Datum uitspraak: 14 december 2005
AFDELING
BESTUURSRECHTSPRAAK
Uitspraak op de hoger beroepen van:
1.    [appellant sub 1], wonend te Arnhem,
2.    [appellanten sub 2], wonend te Arnhem,
tegen de uitspraak in zaak no. AWB 04/1002, 04/1059 en 04/1091 van de rechtbank Arnhem van 5 januari 2005 in het geding tussen:
1.    appellanten
2.    [wederpartijen]
en
het college van burgemeester en wethouders van Arnhem.
1.    Procesverloop
Bij besluit van 3 december 2003 heeft het college van burgemeester en wethouders van Arnhem (hierna: het college) aan [vergunninghouder] vrijstelling als bedoeld in artikel 19, tweede lid, van de Wet op de Ruimtelijke Ordening (hierna: de WRO) en bouwvergunning verleend voor de uitbreiding van een sportschool / aerobicstudio door verbouw van de schuur en de aanleg van een verbinding tussen de schuur en het woonhuis, gelegen aan de [locatie], kadastraal bekend Gemeente Arnhem, sectie […] nr. […] (hierna: het perceel).

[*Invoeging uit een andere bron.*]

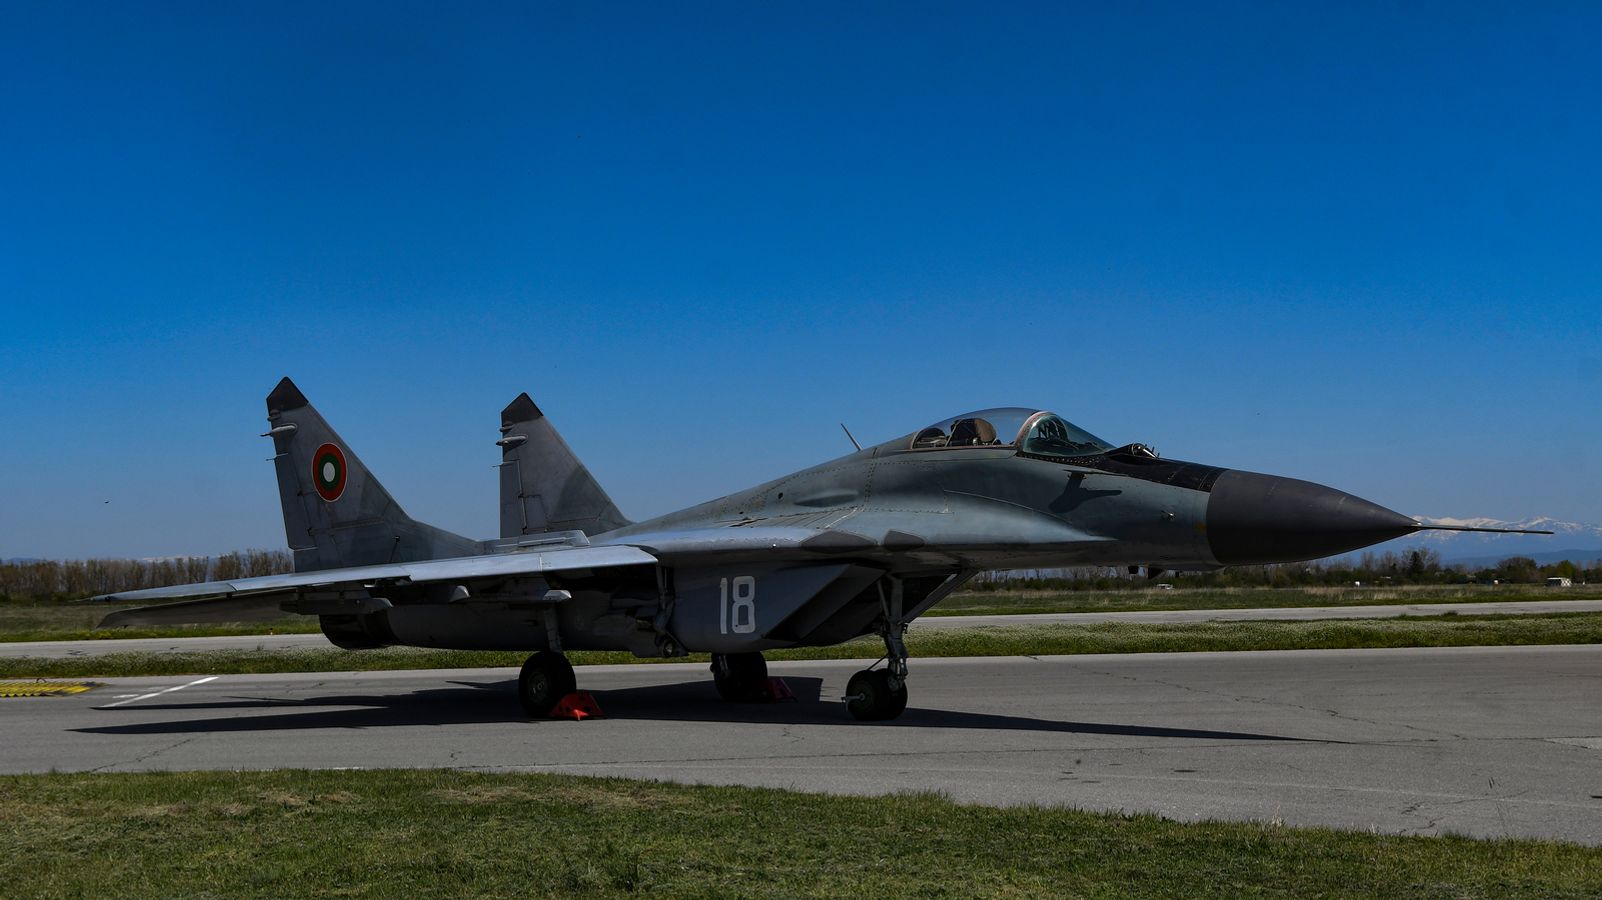 Slovakia wants to deliver fighter jets to Ukraine

Bij onderscheidenlijke besluiten van 16 april 2004 heeft het college de daartegen door appellanten gemaakte bezwaren gegrond verklaard doch de verleende vrijstelling alsmede de bouwvergunning met een verdere uitwerking van de ruimtelijke onderbouwing en onder nader genoemde voorwaarden in stand gelaten, met dien verstande dat de algemene verklaring van geen bezwaar van gedeputeerde staten zoals neergelegd in de brief van 27 januari 2004 aan de vrijstelling ten grondslag wordt gelegd.
Bij uitspraak van 5 januari 2005, verzonden op dezelfde dag, heeft de rechtbank Arnhem (hierna: de rechtbank), voor zover thans van belang, de daartegen door appellanten ingestelde beroepen ongegrond verklaard. Deze uitspraak is aangehecht.
Tegen deze uitspraak hebben appellant sub 1 bij brief van 15 februari 2005, bij de Raad van State ingekomen op dezelfde dag, en appellanten sub 2 bij brief van 16 februari 2005, bij de Raad van State ingekomen op 17 februari 2005, hoger beroep ingesteld. Appellant sub 1 heeft zijn hoger beroep aangevuld bij brief van 31 maart 2005. Appellanten sub 2 hebben hun hoger beroep aangevuld bij brief van 17 maart 2005. Appellanten hebben hun hogere beroepen verder aangevuld bij gezamenlijke brief van 17 mei 2005. Deze brieven zijn aangehecht.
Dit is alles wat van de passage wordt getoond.